## Anomaly detection with autoencoders

In this blog post we will use autoencoders to detect anomalies in ECG5000 dataset. In writing this blog post I have assumed that the reader has some basic understanding of neural networks and autoencoders as a specific type of neural network. Jeremy Jordan has a nice 10mins-read blog post on autoencoders, you can find it [here](https://www.jeremyjordan.me/autoencoders/).  The ECG5000 dataset which we will use contains 50,000 Electrocardiograms (ECG). Each cardiogram has 140 data points.  Luckily for us, the data has been labeled into a normal and abnormal rhythm by medical experts. Our goal is to use autoencoders to see if they can mimic the knowledge of a medical doctor and identify abnormal Electrocardiograms.

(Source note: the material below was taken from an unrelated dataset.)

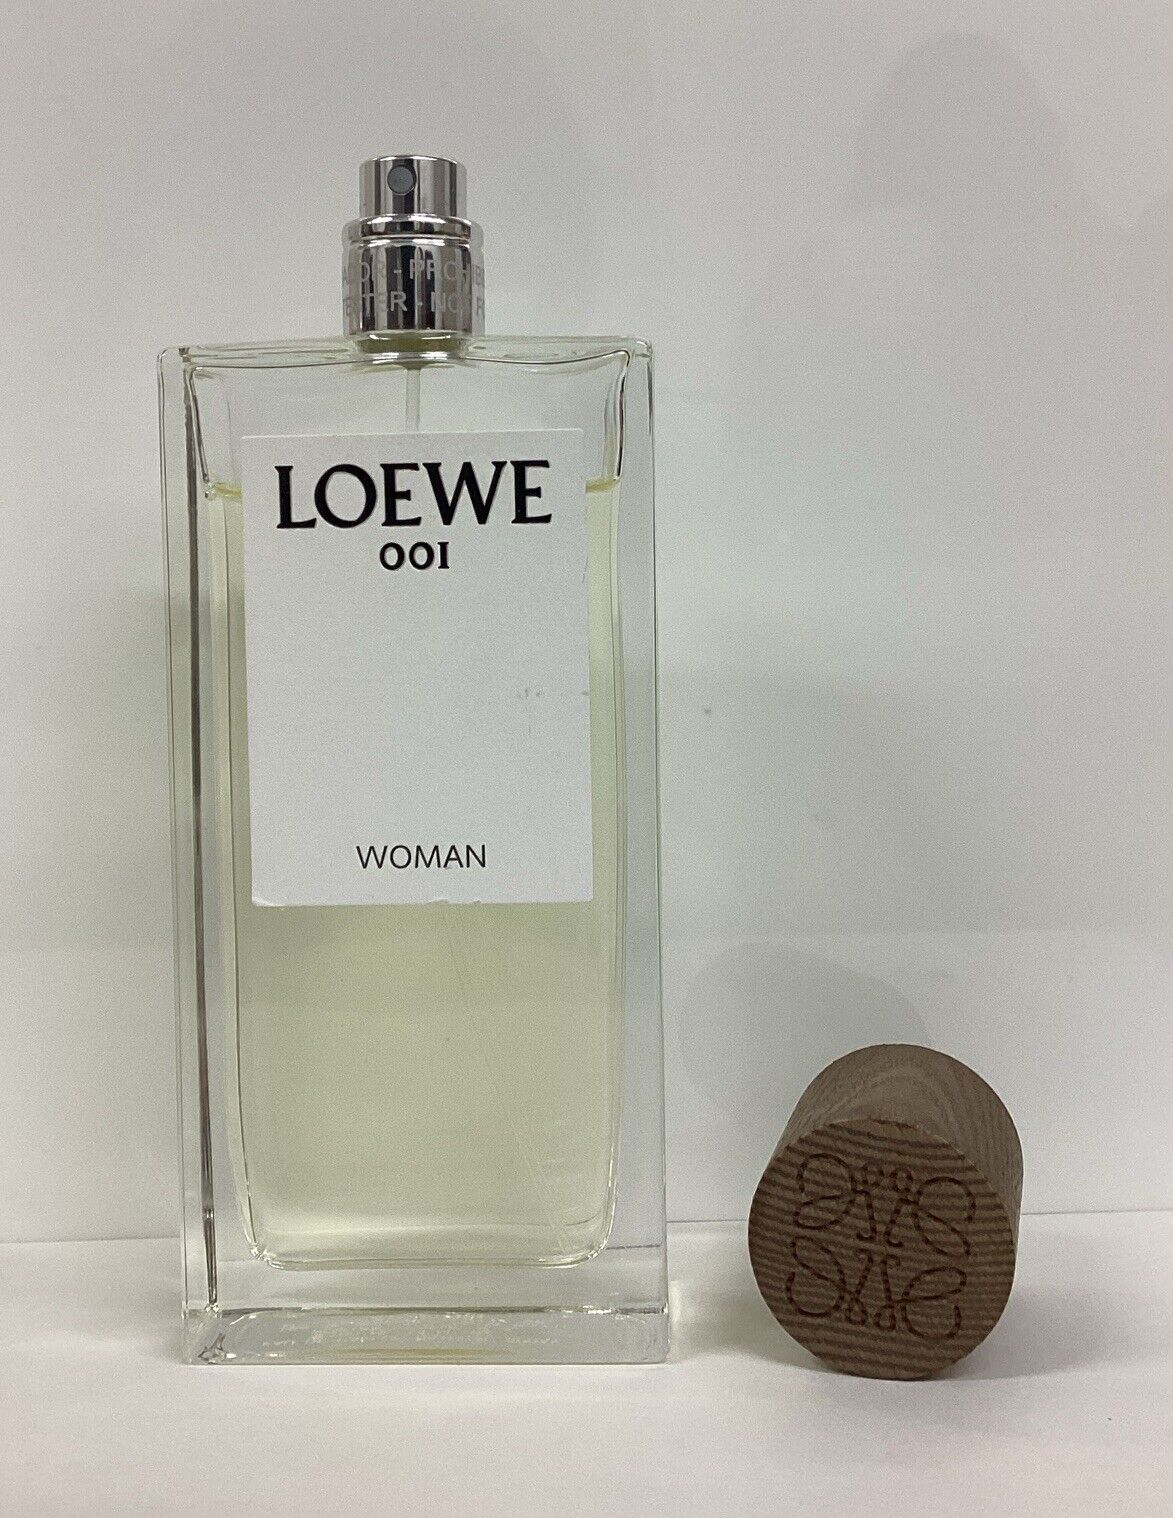 Loewe 001 Woman Eau De Parfum 3.4oz Spray As Pict, 90%FULL NO BOX TESTER

Our approach will be to (1) train the autoencoder on the normal data and (2) use our trained model to reconstruct the entire dataset. We hypothesize that abnormal Electrocardiograms will have a higher reconstruction error. Recall that an autoencoder takes the input data and projects it onto a lower-dimensional space that captures only the signals in the data. The data can then be reconstructed from the lower-dimensional space. Note here that if a data point is noisy its reconstruction error (the distance between the actual point and the reconstructed one) will be large. It is this simple principle that we use to identity anomalies. 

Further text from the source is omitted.